Dans le hall de la gare Montparnasse dimanche, les agents d’accueil de la SNCF (les gilets rouges) ont été assaillis de questions par des voyageurs, partagés entre colère, impatience et inquiétude. De nombreux voyageurs  se sont d’ailleurs plaints sur les réseaux sociaux de ne pas avoir obtenu suffisamment d’informations quant à la durée de la panne, les solutions de replis possibles… « La SNCF communique de manière contradictoire et non coordonnée. Or, en cas de problème de transports, les gens veulent obtenir des informations rapidement sur la situation pour pouvoir s’organiser », indique Willy Colin. Bruno Gazeau est du même avis : « La SNCF offre une information optimale lorsque les perturbations des trains sont prévisibles (grèves, travaux sur une ligne…), mais là où le bât blesse, c’est lorsqu’elles ne le sont pas. L’information n’est alors pas centralisée. Il faut impérativement que l’entreprise professionnalise sa communication », affirme-t-il.

Interogée par 20 Minutes, la SNCF reconnaît qu’elle a des progrès à faire : « aujourd’hui nos clients veulent recevoir une information personnalisée sur leur smartphone. Et se mettre en capacité de le faire pour nos 5 millions de voyageurs par jour, nécessite des nouveaux process. Par ailleurs, aujourd’hui, la rapidité de transmission de l’information aux gilets rouges n’est pas optimale », indique l’entreprise ferroviaire.

La gestion de crise est-elle efficace ?

Ce dimanche, après avoir constaté la panne géante, la SNCF a demandé dimanche aux voyageurs qui le pouvaient de repousser leur voyage. Des liaisons ont quand même été assurées vers Nantes, Bordeaux et Rennes à partir de la gare d’Austerlitz et à raison d’un TGV par heure aller-retour.

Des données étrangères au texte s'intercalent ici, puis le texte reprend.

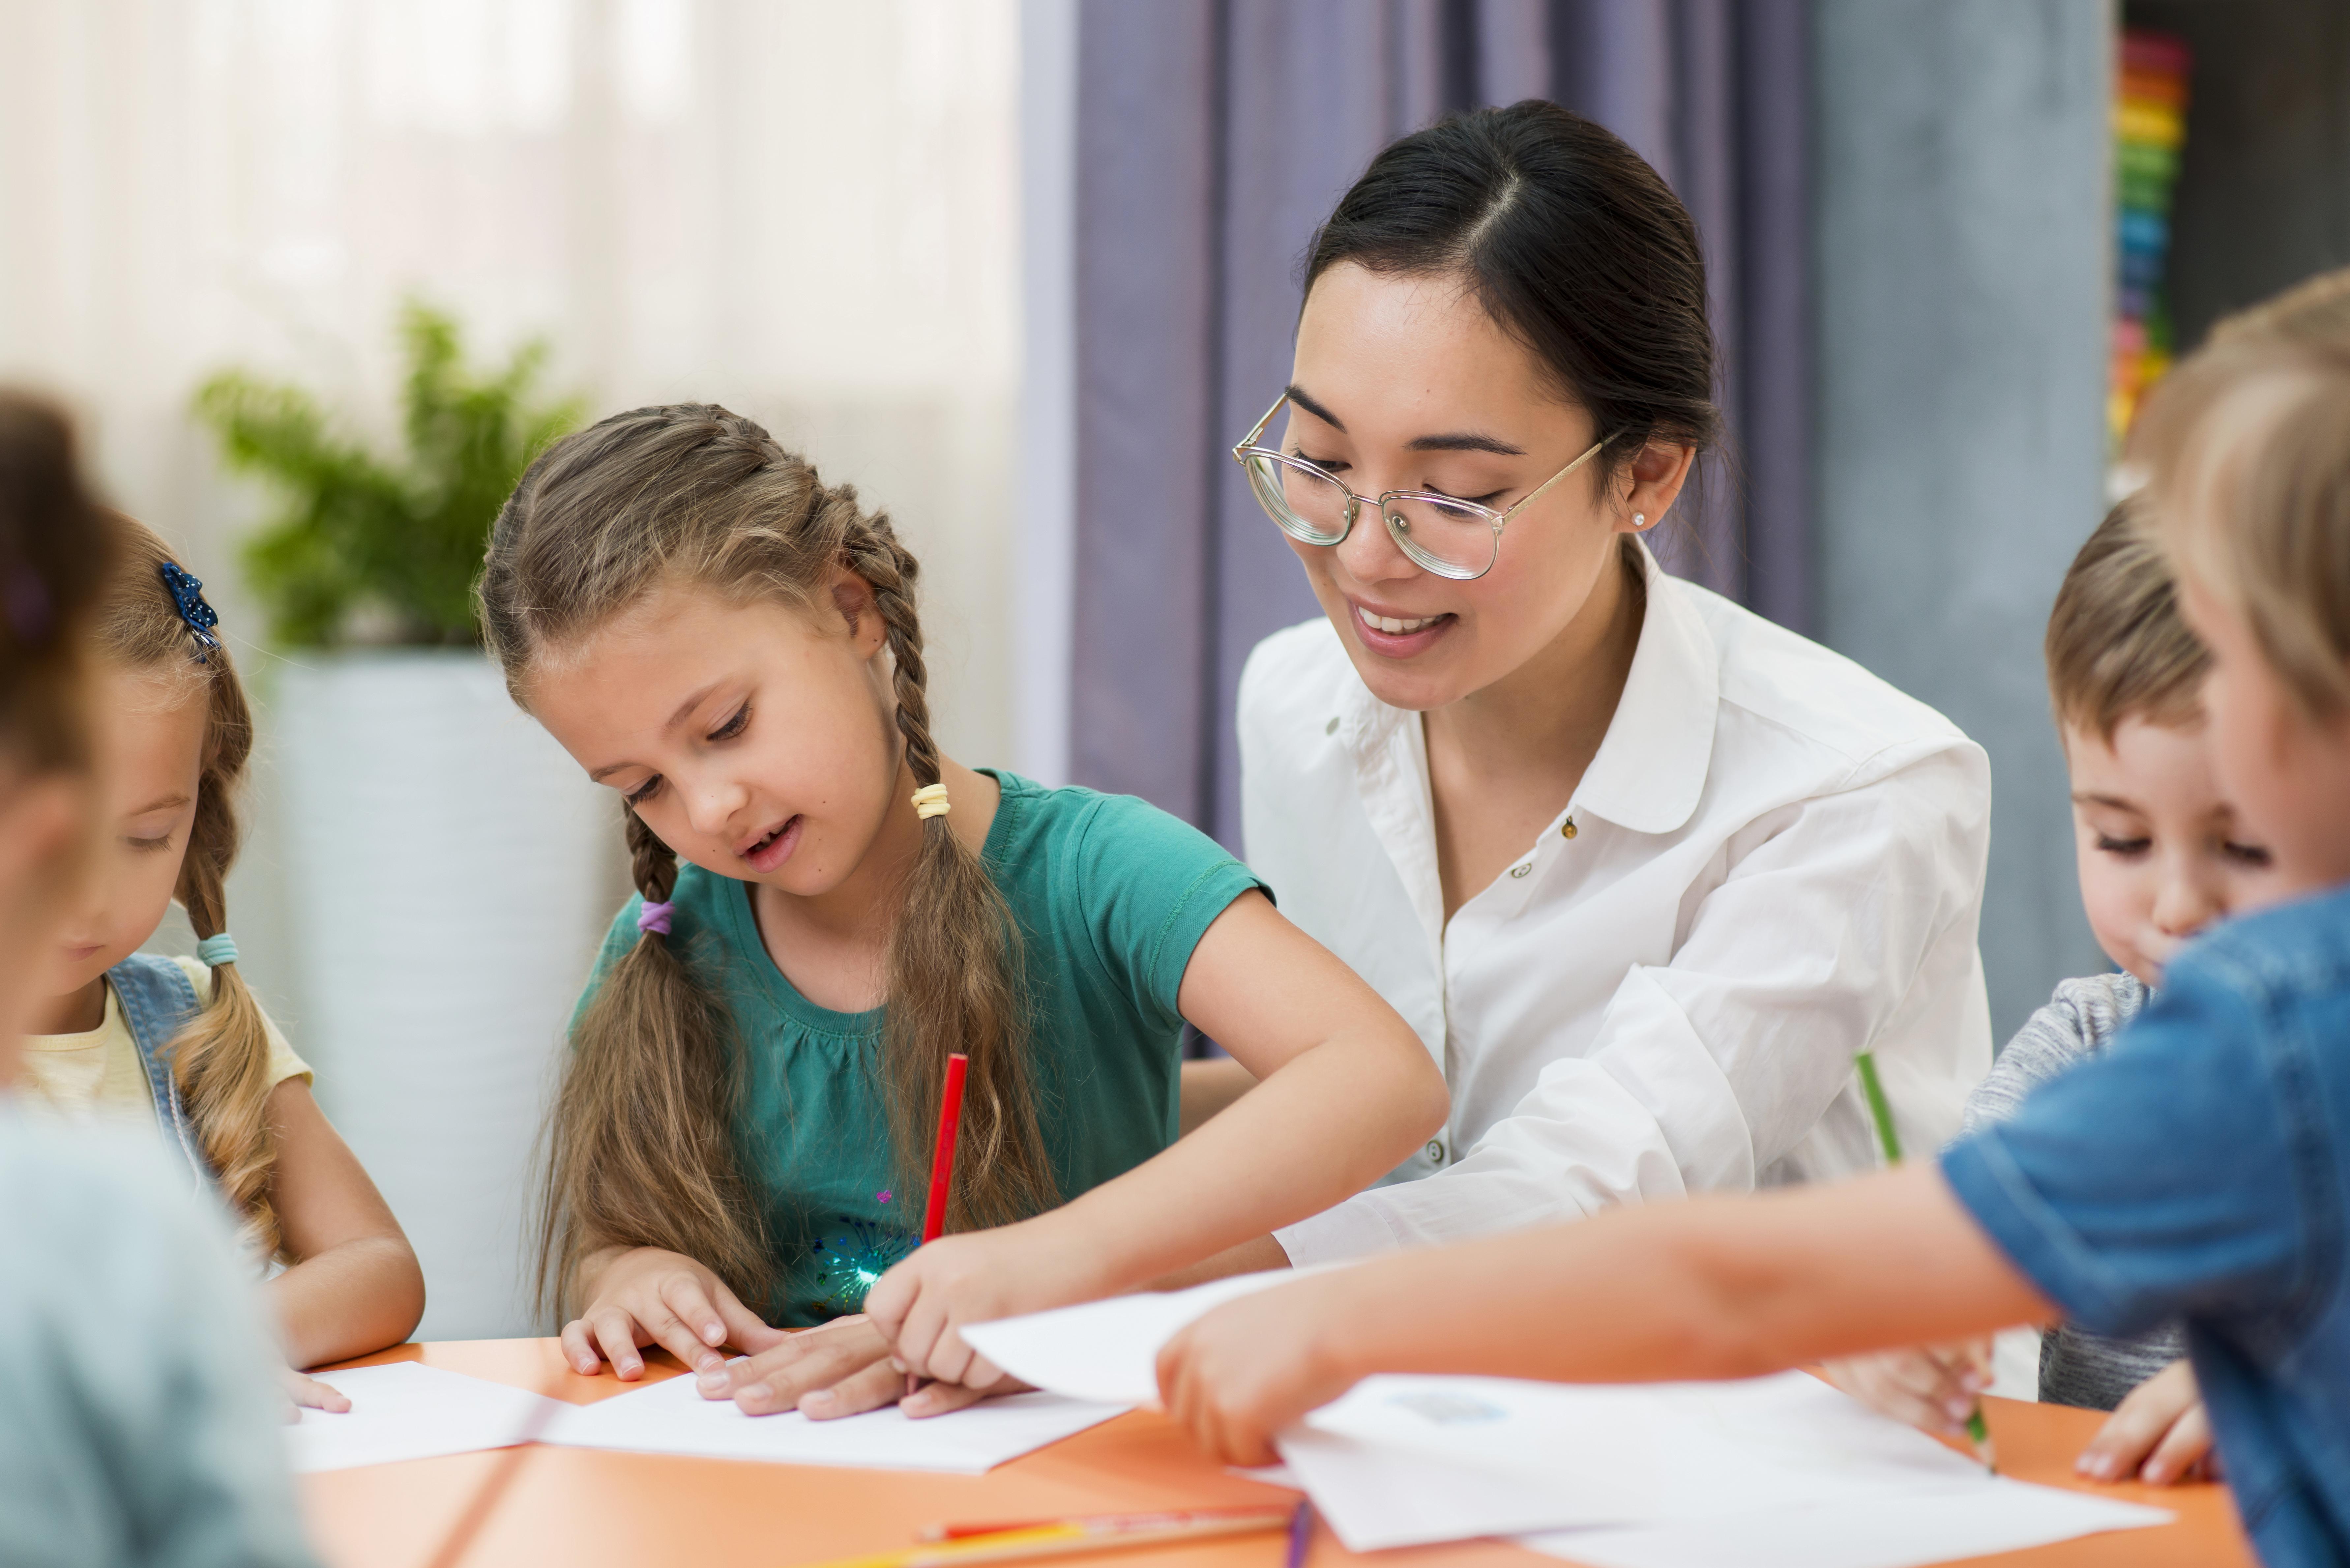 Communication strategies that work well with children

D’après Alain Krakovitch, directeur général de SNCF Transilien, cela a permis de faire circuler 70 % des 250 TGV qui étaient programmés. Un plan de secours, qui sur ce point, a été salué par les experts du ferroviaire : « Il y a quelques années, il n’y avait pas de plan B en cas de panne, la SNCF a donc progressé dans ce domaine », déclare Willy Colin. « Ce dimanche, les voyageurs ont très vite été orientés vers la gare d’Austerlitz. Cette solution était efficace, même si tous les trains n’ont pas pu partir et arriver là-bas, en raison de la petite taille de la gare d’Austerlitz », reconnaît aussi Bruno Gazeau. « Le processus de remboursements dans ce genre de situation est aussi beaucoup plus simple et rapide qu’il y a quelques années », ajoute Willy Colin. La SNCF a d’ailleurs promis aux usagers qu’ils pourraient se faire rembourser pendant un mois. Une petite consolation.